There is hardly a topic loaded with such emotion as money, seemingly at the root of all trouble including family fallouts, divorces, and the end of longtime friendships.
Dave Ramsey once said that “you must gain control over your money or the lack of it will forever control you.”
There are numerous life lessons to learn over the issue of money. Self-esteem or the lack of it is closely intertwined with what we earn or what we perceive we are entitled to. Society especially measures the success of a person in terms of how money assets that person appears to have. Almost the entire spectrum of human emotions can be linked to money issues.
Money is an exchange of energy
The bottom line is that money is basically an exchange of energy. The nature of energy however is that it fluctuates and is impermanent. It can be extremely fickle. Fame and fortune can be accumulated and then lost overnight. Being wealthy does not necessarily mean that you have less fear and anxiety than anyone else.
The sudden accumulation of money through an inheritance or a lottery win will merely amplify basic character traits. For some individuals, such a windfall can be a curse. Others see blessings of wealth as a special responsibility. Some individuals, I know personally, are principally giving away regularly a good percentage of whatever they earn and doing most of it anonymously.
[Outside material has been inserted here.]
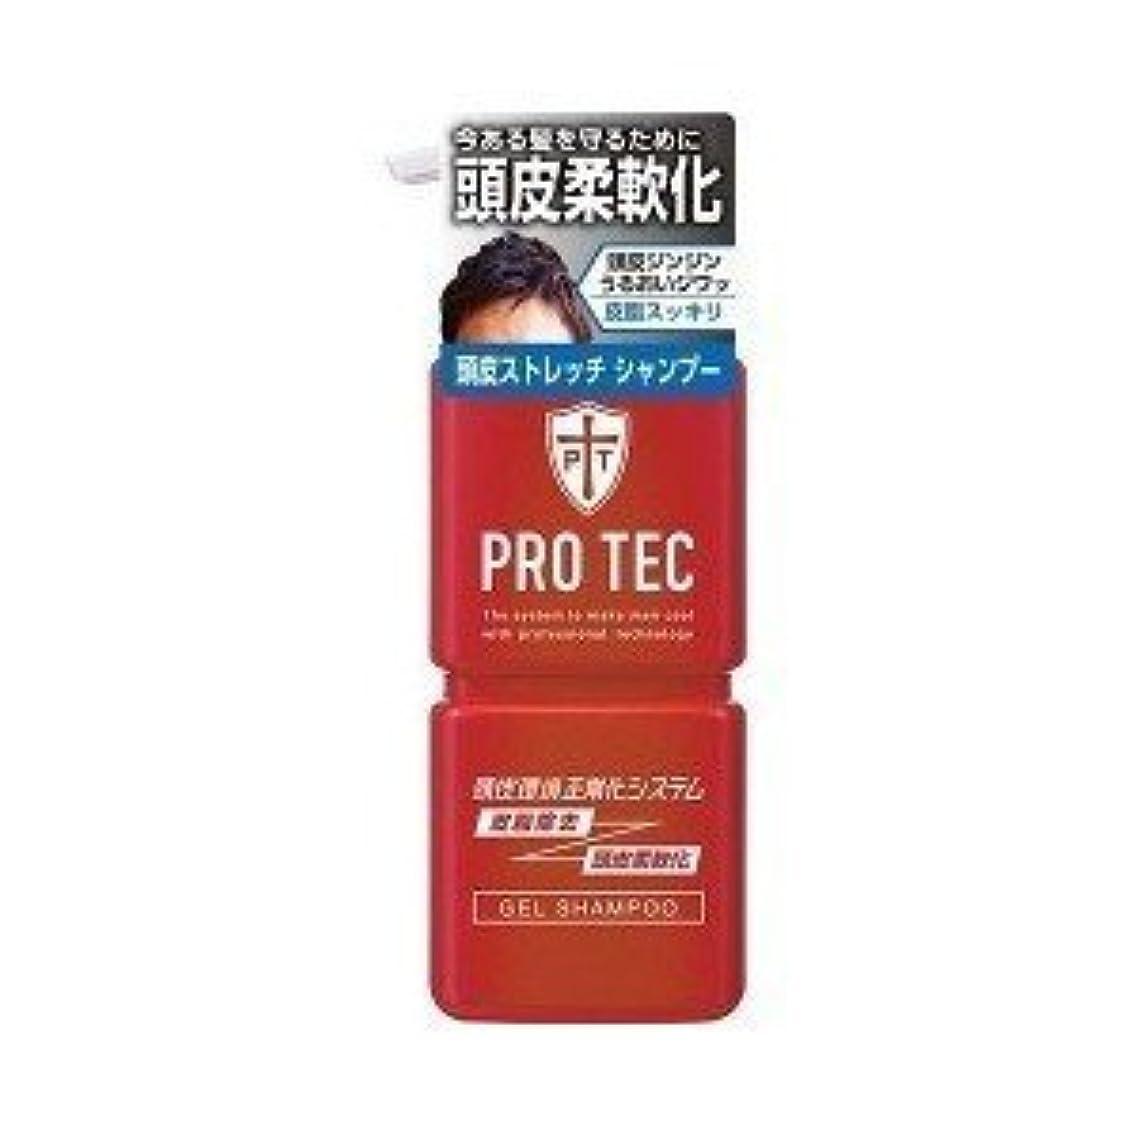 防水騒乱口頭(ライオン)PRO TEC(プロテク) 頭皮ストレッチ シャンプー ポンプ 300g(医薬部外品)

They see possession of wealth as coming with the responsibility of giving back to society. Using money energy in the right way opens up enormous possibilities, coming from the heart of an abundance mindset.
But our consumerist culture is indoctrinating us with a scarcity mindset that inevitably leads to a “never enough” mentality. It is a culture based on the satisfaction of external needs at the neglect of internal needs.
Numerous psychological studies reveal that the pleasure resulting from such a consumerist mindset soon wears off depending on the frame of reference the individual has. There is a saying that money can’t buy you happiness but that is true only to a certain extent. How much you earn determines the safety and security of the neighborhood you live in, what education your children get, whether you can buy healthy foods, and your longevity.